1 7-oz. can albacore tuna, flaked

3 green onions, trimmed and sliced thin

1 can mushroom soup, undiluted

½ cup frozen petite peas

6 oz. uncooked pasta (cut spaghetti, etc, but probably not tubes) or rice—your choice

French’s French-fried onion rings

            Separately cook pasta or rice and set aside.

Bring wine to a boil in a saucepan; throw in a handful of mixed herbs—thyme, oregano, basil, whatever (I’d avoid Mexican spices like cumin and chile powder unless you wanted a definitive Mexican tuna casserole). Add some black pepper and scant salt. Boil hard for three minutes or more until all the herbs turn black. Remove pan from heat, and gradually add remaining ingredients except onion rings. Taste for salt and pepper.

Spoon into a greased casserole or individual ramekins and top with onion rings. Bake at 350 for 20-30 minutes—watch color of onion rings as a guide. They should brown but not burn. Casserole just has to get hot. Serve immediately.

PS You don’t have to do that orange Jell-O thing; a tossed salad is nice with this.

Thursday, December 5, 2019

All about cranberries




Did you have cranberries with your Thanksgiving feast? About twenty percent of all cranberries sold annually are purchased over the Thanksgiving holiday. That bright red berry is what the food industry calls a “special occasion food.”

This year, visiting my son, there was a fresh, homemade cranberry relish, brought by a friend, on the table—a bit tart but good. There was also canned, sliced, jellied cranberry sauce—both my daughters-in-law love it. Those two dishes spoke of what I see as two different food philosophies!

For me, cranberry relish at the holidays should be the way my mom fixed it—well, really it was my dad who made it. Making cranberry relish was a ritual in our household before the days of food processors. Dad hauled out the old hand grinder, fastened it to a short worn stepladder—I can see that chipped green paint in my mind yet—and began to grind, a chore he did because, he said, it took too much strength for Mom to do it. I think they both enjoyed the shared work.

Thanks to his effort, a bag of cranberries, washed and sorted, an orange, peel and all, a sweet apple like a Red Delicious, also unpeeled, went into a bowl. Mom added sugar sparingly, getting it just right because we didn’t want it too tart or too sweet. You can find precise recipesfor raw cranberry relish should you need them on the internet, I’d suggest you use less sugar than recommended and then taste, sweetening to your personal palate.

Some people use honey instead of sugar. Others add a small can of crushed pineapple or some chopped pecans. It’s a flexible dish, that cranberry relish.[

The thing about cranberries is that they are an overlooked health food, as good for you as blueberries.

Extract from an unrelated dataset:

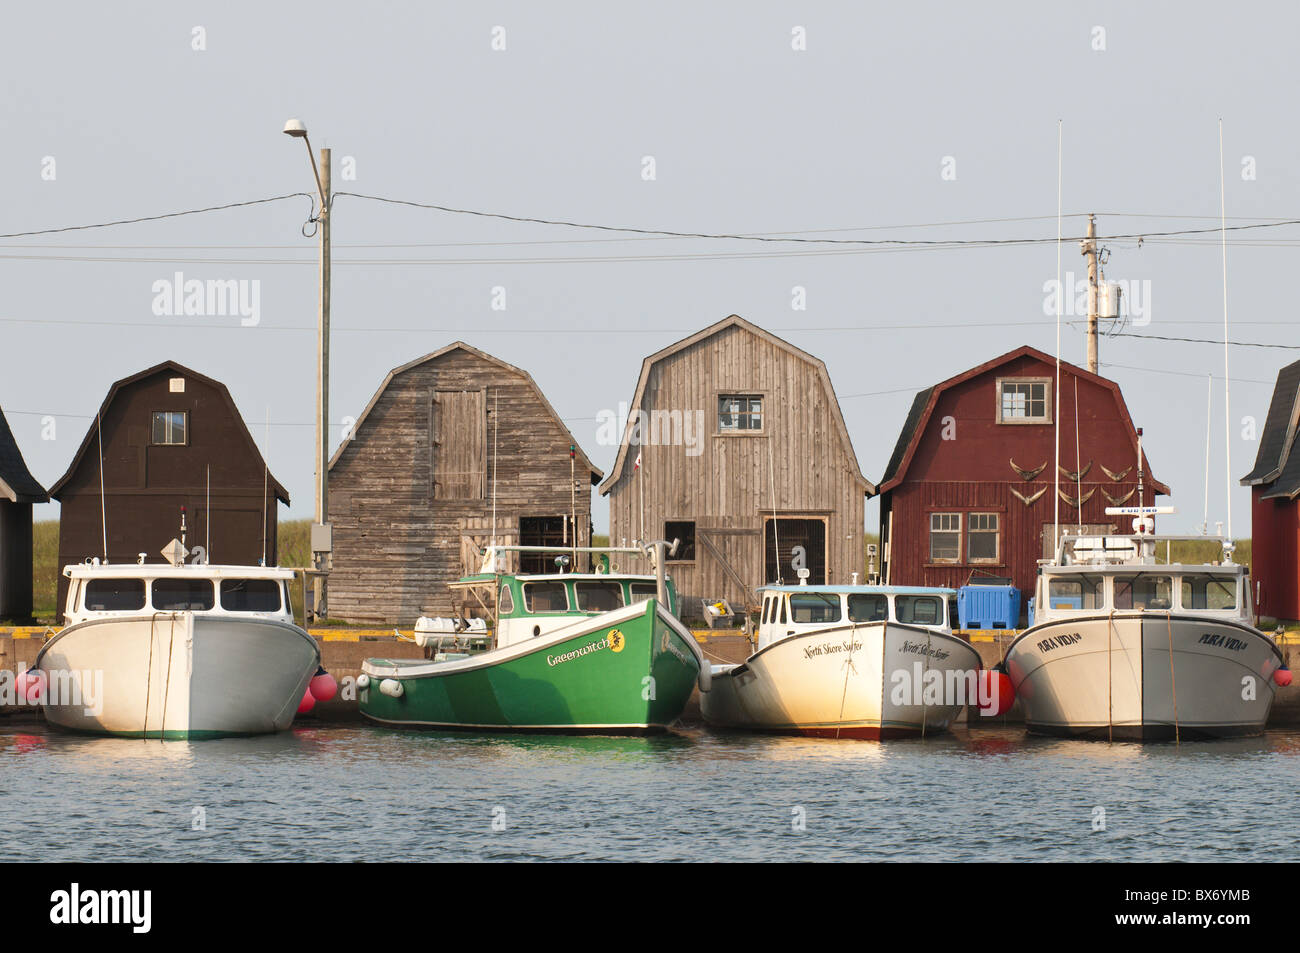 https://c8.alamy.com/comp/BX6YMB/fishing-boats-in-malpeque-harbour-malpeque-prince-edward-island-canada-BX6YMB.jpg

They are naturally low in sugar, though they require sweetening to be palatable; they are rich in antioxidants which promote cardiovascular health. Cranberry juice is often recommended for treatment of urinary tract infections.

When you think of cranberries at the holidays, you probably think of fresh berries—they only seem to appear in markets in November and December. Truth is only five percent of cranberries are sold fresh—most are processed into juice, that abominable canned relish, or craisins—those delightful substitutes for raisins which are great in everything from salads to oatmeal.

Thanks to a neighbor, I discovered a new cranberry recipe this past Thanksgiving. Easy and quick, it’s officially called crustless cranberry pie. To me, it’s like cake and great for dessert—but shh! Don’t tell. I’ve been eating cake for breakfast.

Crustless cranberry pie

1 cup all-purpose flour

1 cup white sugar

¼ tsp. salt

2 cups cranberries

½ cup chopped walnuts or pecans (I’m not always a fan of nuts, and I left them out)

½ cup butter, melted

2 eggs, beaten

1 tsp. almond extract

Directions:

Pre-heat oven to 350o. Grease 9-inch pie pan.

Combine flour, sugar, and salt. Stir in cranberries and nuts; toss to coat. Stir in butter, beaten eggs, and almond extract. Spread batter into prepared pan.

Bake at 350o for 40 minutes or until wooden pick inserted near center comes out clean. Serve warm with whipped cream or ice cream.